The ogr2ogr utility can be used to do GeoRSS to GeoRSS translation. For example, to translate a Atom document into a RSS document

ogr2ogr -f GeoRSS output.xml input.xml "select link_href as link, title, content as description, author_name as author, id as guid from georss"

Note : in this example we map equivalent fields, from the source name to the expected name of the destination format.

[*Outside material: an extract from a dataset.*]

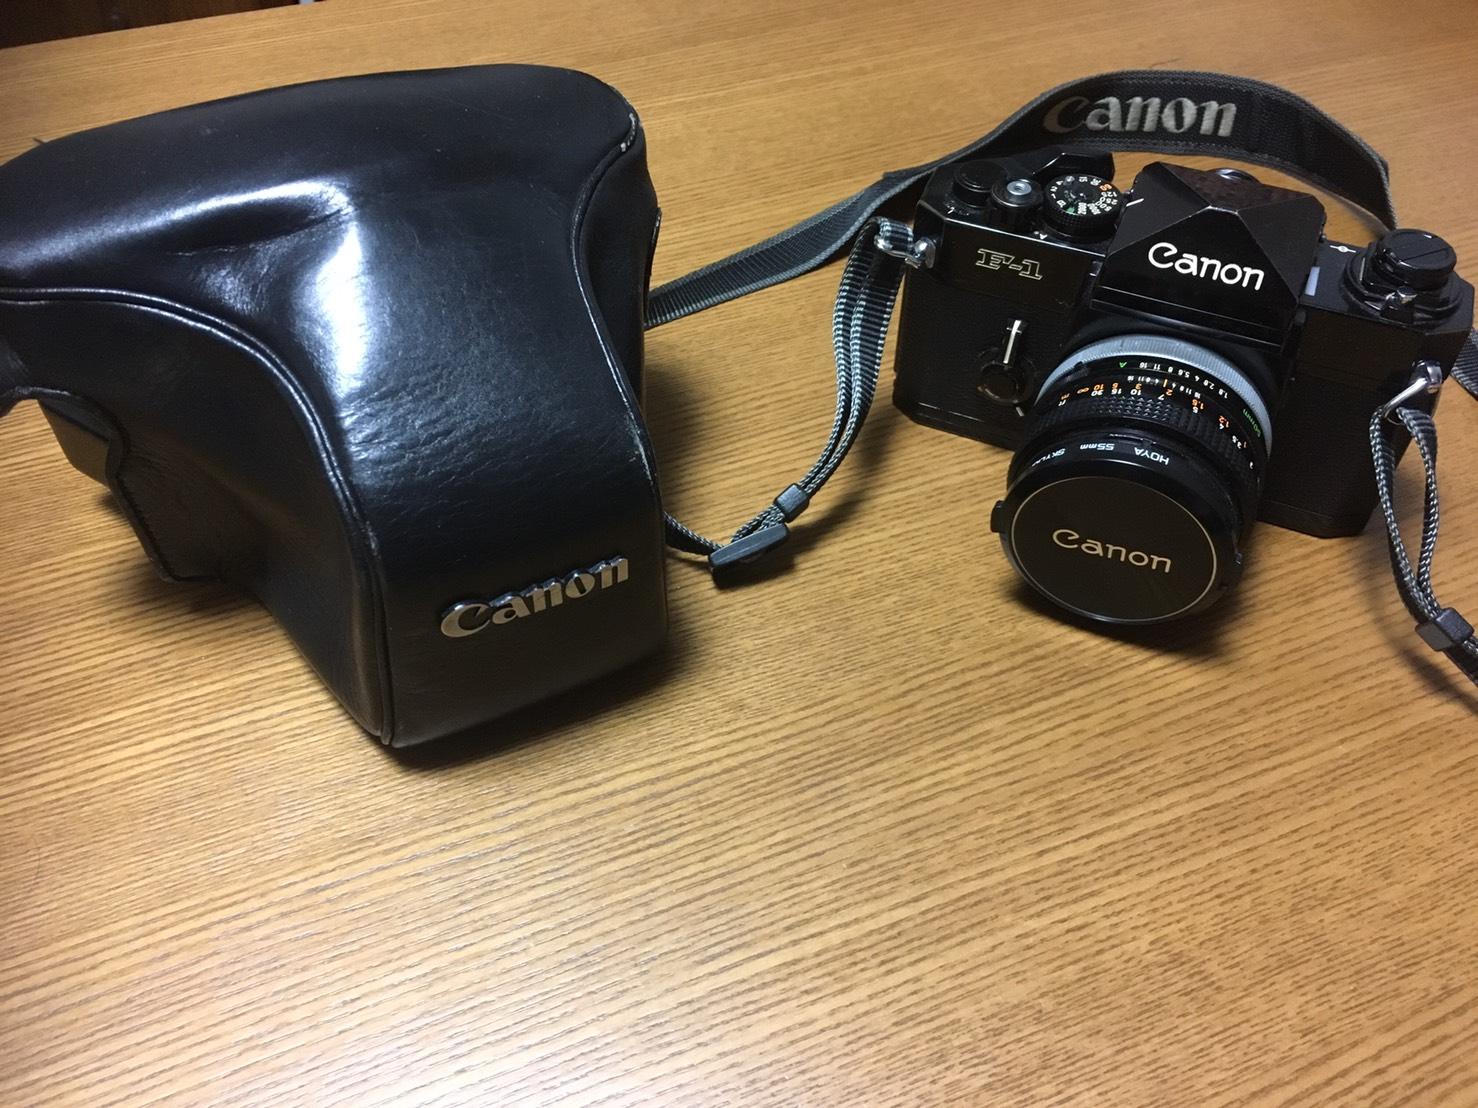 キャノン F1 一眼レフカメラ

The following Python script shows how to read the content of a online GeoRSS feed

#!/usr/bin/python
import gdal
import ogr
import urllib2

url = 'http://earthquake.usgs.gov/eqcenter/catalogs/eqs7day-M5.xml'
content = None
try:
    handle = urllib2.urlopen(url)
    content = handle.read()
except urllib2.HTTPError, e:
    print 'HTTP service for %s is down (HTTP Error: %d)' % (url, e.code)
except:
    print 'HTTP service for %s is down.' %(url)

# Create in-memory file from the downloaded content
gdal.FileFromMemBuffer('/vsimem/temp', content)

ds = ogr.Open('/vsimem/temp')
lyr = ds.GetLayer(0)
feat = lyr.GetNextFeature()
while feat is not None:
    print feat.GetFieldAsString('title') + ' ' + feat.GetGeometryRef().ExportToWkt()
    feat.Destroy()
    feat = lyr.GetNextFeature()

ds.Destroy()

# Free memory associated with the in-memory file
gdal.Unlink('/vsimem/temp')